Every so often, I have one of ‘those’ moments… one of those single grain of sand on an infinite beach moments, when I reflect on my life and my achievements and come to the unsatisfying and disappointing conclusion that it doesn’t really add up to very much at all. Following which, I then have one of those ‘other’ moments: Those clock is ticking and I’m not getting any younger, and there’s so much of the world I haven’t seen and things I haven’t done moments, and everything seems just that little bit more pointless.

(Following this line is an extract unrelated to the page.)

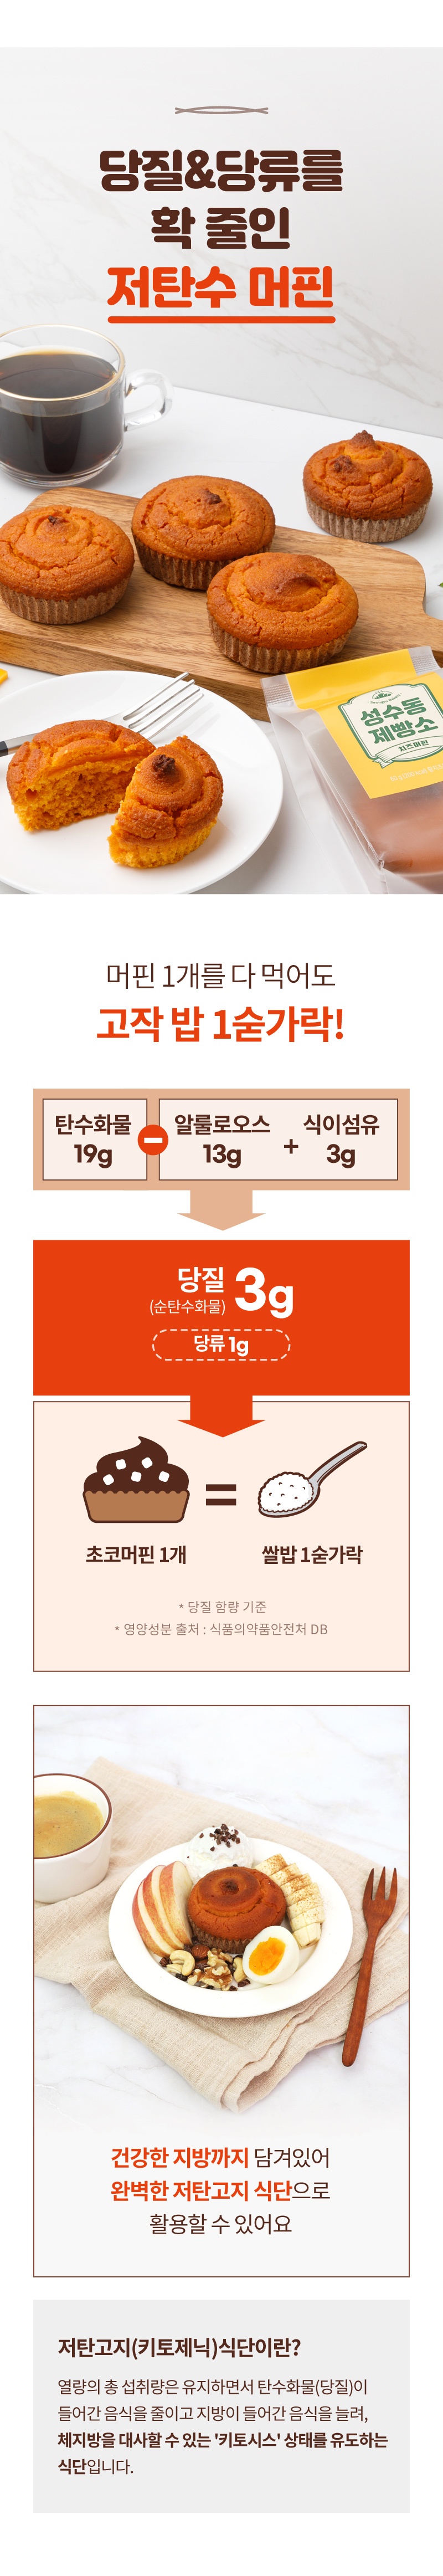 성수동 제빵소 머핀 체험단 모집 (10.29~11.11)

To misquote Bogart in Casablanca, the problems of one little person don’t amount to a hill of beans in this crazy world, (and we’re talking a pretty small hill – maybe one of those half size tins that are just enough for beans on toast when even Super Noodles seem too much work). Trying to gain some sort of perspective of our lives is frequently a pretty depressing exercise – to rather more accurately quote Douglas Adams: “If life is going to exist in a Universe of this size, then the one thing it cannot afford to have is a sense of proportion.”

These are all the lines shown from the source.